Finance Minister Nirmala Sitharaman presented the Union budget for the year 2022-23 earlier this week and like every year, there were a few proposals that caught the attention of the Indian Auto Sector. There was a clear focus on the rapidly growing electric vehicle segment in the country with the proposed formulation of a battery swapping policy for EV charging stations. The Government has recognized battery or energy as a service and has said efforts would be made to increase the use of EVs in public transportation.
The Electric vehicle Industry has reacted positively the announcement which is expected to fasten the adaptability of electric vehicles across the country. Sohinder Gill, Director General, Society of Manufacturers of Electric Vehicles (SMEV), said, “The budget for 2022–23 gives a huge impetus to the electric vehicle (EV) industry. It would motivate businesses engaged in delivery and car aggregation businesses to incorporate EVs into their fleet. It will create new avenues for companies to venture into the business of battery swapping. Additionally, creating special clean zones will further accelerate the adoption of EVs and spread awareness amongst the citizens.”
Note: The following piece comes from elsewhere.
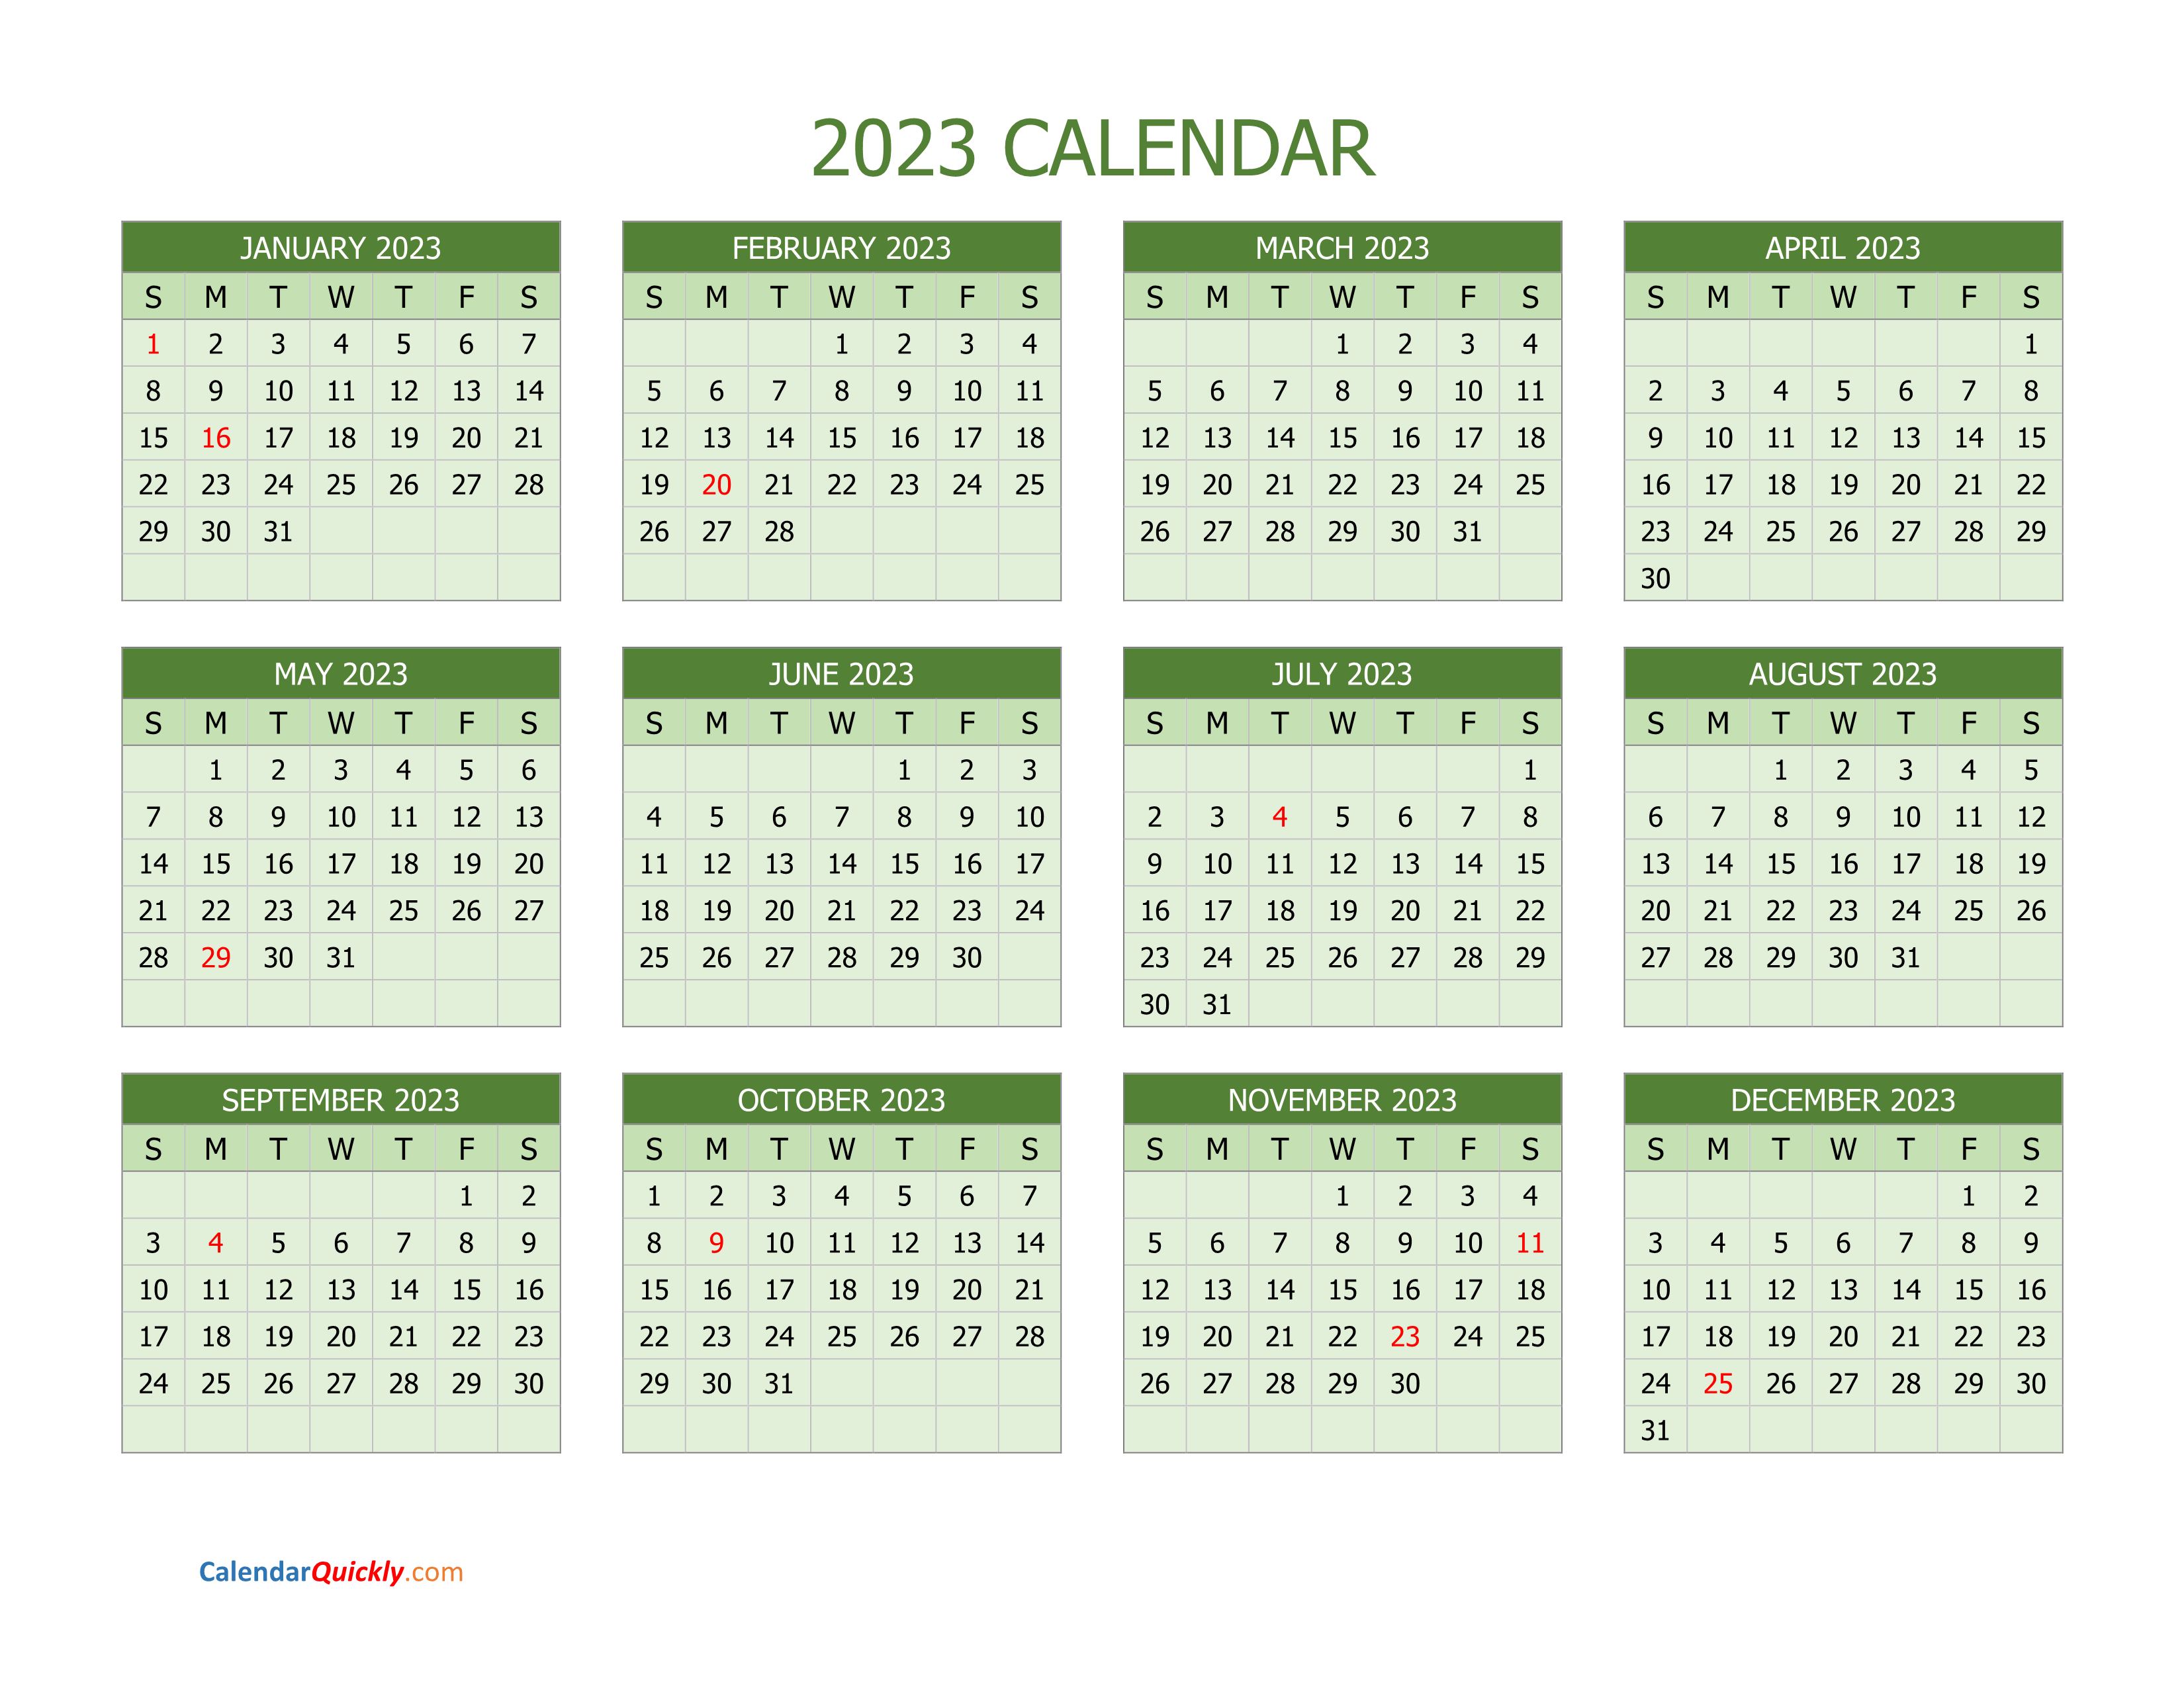 Yearly Calendar 2023 Calendar Quickly

Naveen Munjal, MD of Hero Electric, India’s biggest EV maker said, “We welcome the move by Hon’ble Finance Minister for announcing the commencement of battery swapping and battery standardization process. This move will open up avenues for further growth and development of the EV and energy sector in the country. Interoperability standards will help address range anxiety issues and battery swapping stations will be an asset to the evolving EV ecosystem across the country. Overall, we believe that we are steering forward in our commitment to create an emission free country.”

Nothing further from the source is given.